I was wondering if there was a standard function that returns the minimum/maximum of the return values for a given range of elements. Something like this:
std::vector<int> list = { -2, -1, 6, 8, 10 };
auto it =
std::find_min_return_value(list.begin(), list.end(), std::abs, std::less<int>);
// it should be the iterator for -1
If there is no such, what is the best approach for a problem like this? My list is long, I really don't want to copy it, and also don't want to call the function whose minimum return value I look for more than once per element.

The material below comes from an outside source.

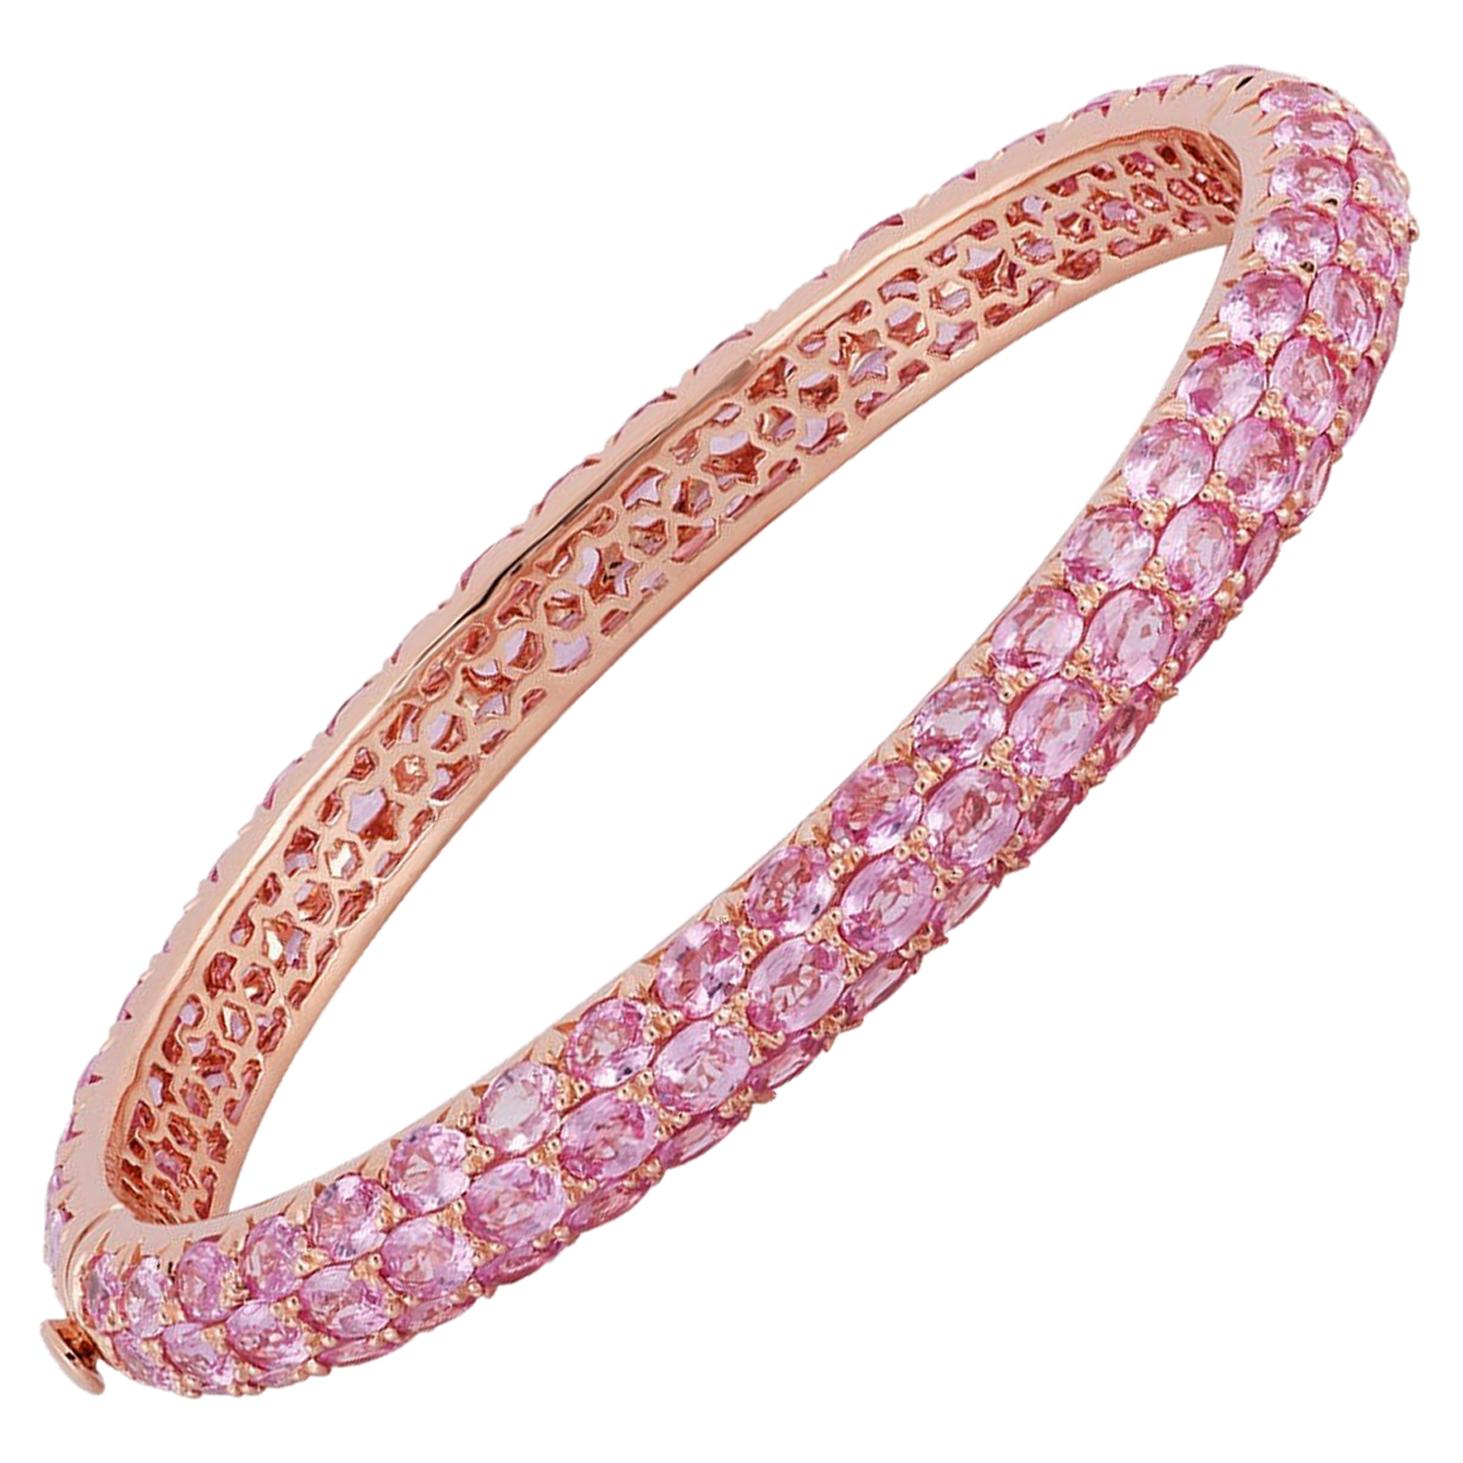 Elizabeth Locke Faceted Pink Sapphire and Diamond Bangle Bracelet

Thanks!
UPDATE:
Based on ForEveR's suggestion to use std::min_element, I made the following benchmarking tests:
std::vector<double> list = { -2, -1, 6, 8, 10 };
auto semi_expensive_test_function = [] (const double& a) { return asin(sin(a)); };
for(int i = 0; i < 10000000; ++i)
{
auto it = std::min_element(list.begin(), list.end(),
[&] (const double& a, const double& b) mutable
{
return(semi_expensive_test_function(a) < semi_expensive_test_function(b));
});
}
This worked just fine:
./a.out 11.52s user 0.00s system 99% cpu 11.521 total
After modifying the code to use a stateful lambda instead:
for(int i = 0; i < 10000000; ++i)
{
auto it = std::min_element(list.begin() + 1, list.end(),
[&, current_min_value = semi_expensive_test_function(*(list.begin()))] (const double& a, const double& b) mutable
{
double current_value = semi_expensive_test_function(b);
if(current_value < current_min_value)
{
current_min_value = std::move(current_value);
return true;
}
return false;
});
}
This resulted:
./a.out 6.34s user 0.00s system 99% cpu 6.337 total
Using stateful lambdas seems to be the way to go. The question is: is there a more code-compact way to achieve this?